下一章 上一章 目录 设置
7、婚丧嫁娶 ...
-
一月。
闵宇带着众人捧着新郎装穿过条条长廊,来到祖庙前,但是闵宇却在祖庙前不知为何停下了脚步,他的眼神中掺和着复杂,看不出究竟心中想的是什么,但是可以看得清楚的是,他眼眶上的黑眼圈,颜色很深很深似蘸了墨汁的毛笔在上面涂抹了一番,他背负着手,重重的一声长叹。
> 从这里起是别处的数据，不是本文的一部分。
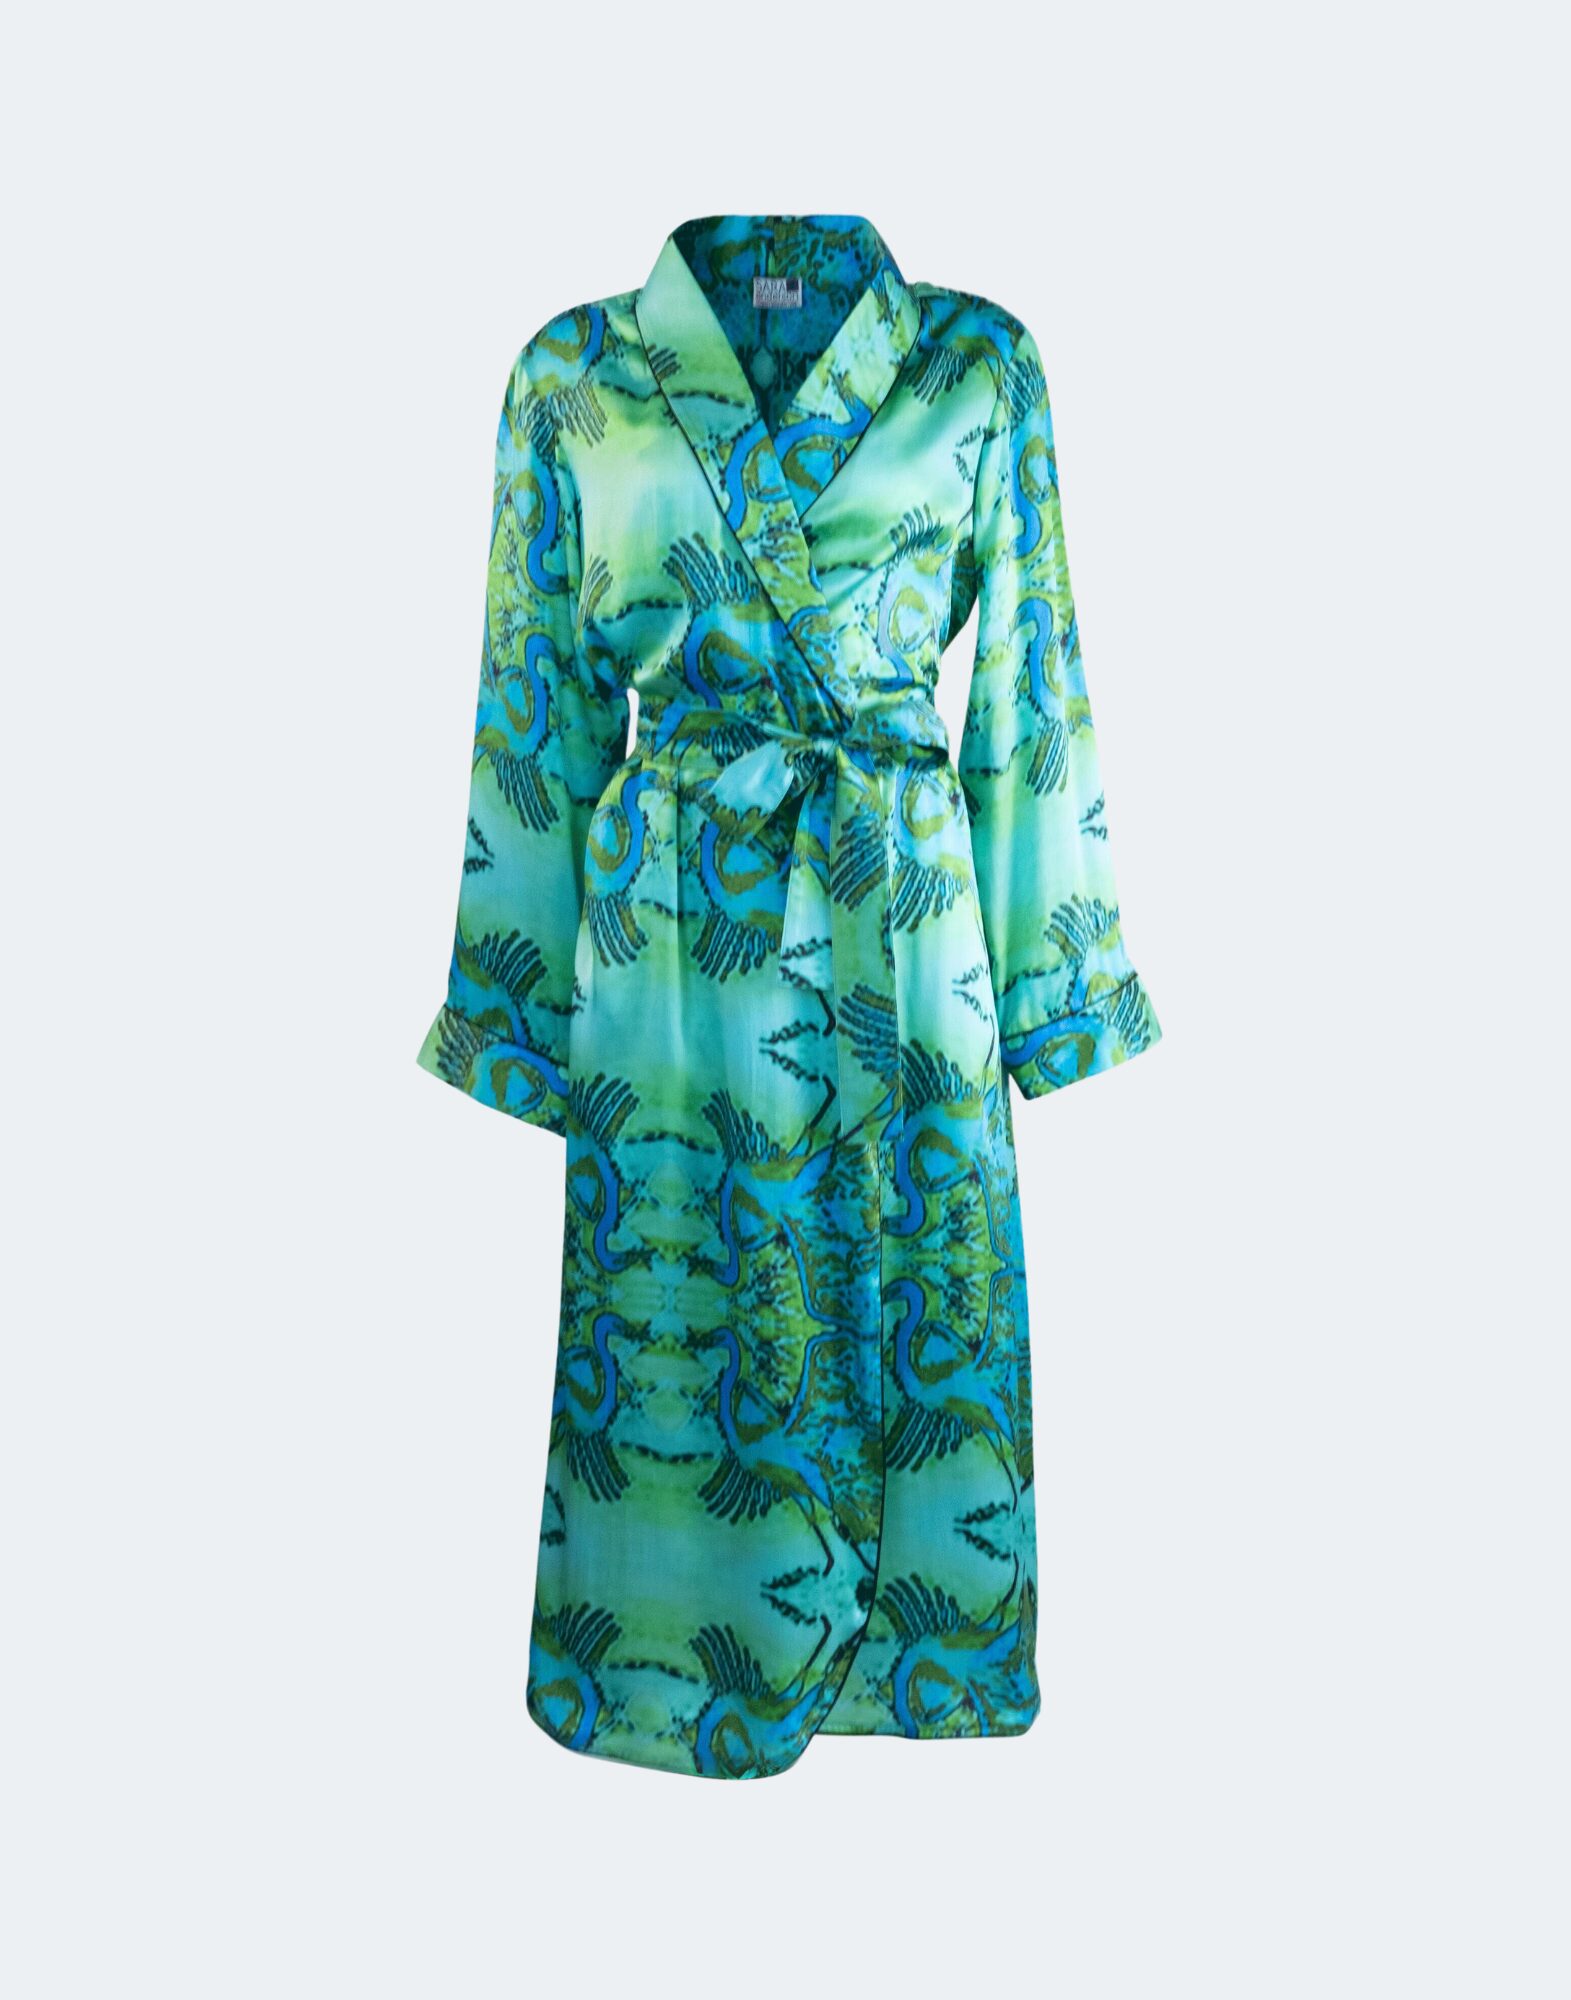 robe in blue/green print

祖庙的大门正对着是一座小亭子,亭子修得其高,往左可扫半个青城,往右目光可及省城与青城交接。亭子的模样没有什么特别,倒是斐宇独自一人躲在碑后面出神,他就如同一具脱了魂的躯壳在一边坐着。他的眼神也没有光泽,乃至没有了思想般,到最后竟然泪就不由自主地涌了出来,他拼命地试图忍住,但是泪就如同泉水般喷涌而出,他的双手不由自主的抱住头,身子不由自主的下滑,顺着碑的轨迹下滑,眼神一直盯着远处的湖光冬色,口中转而不住念叨:“我不会负他们,前提是他们并没有负我……我,没有负他们。”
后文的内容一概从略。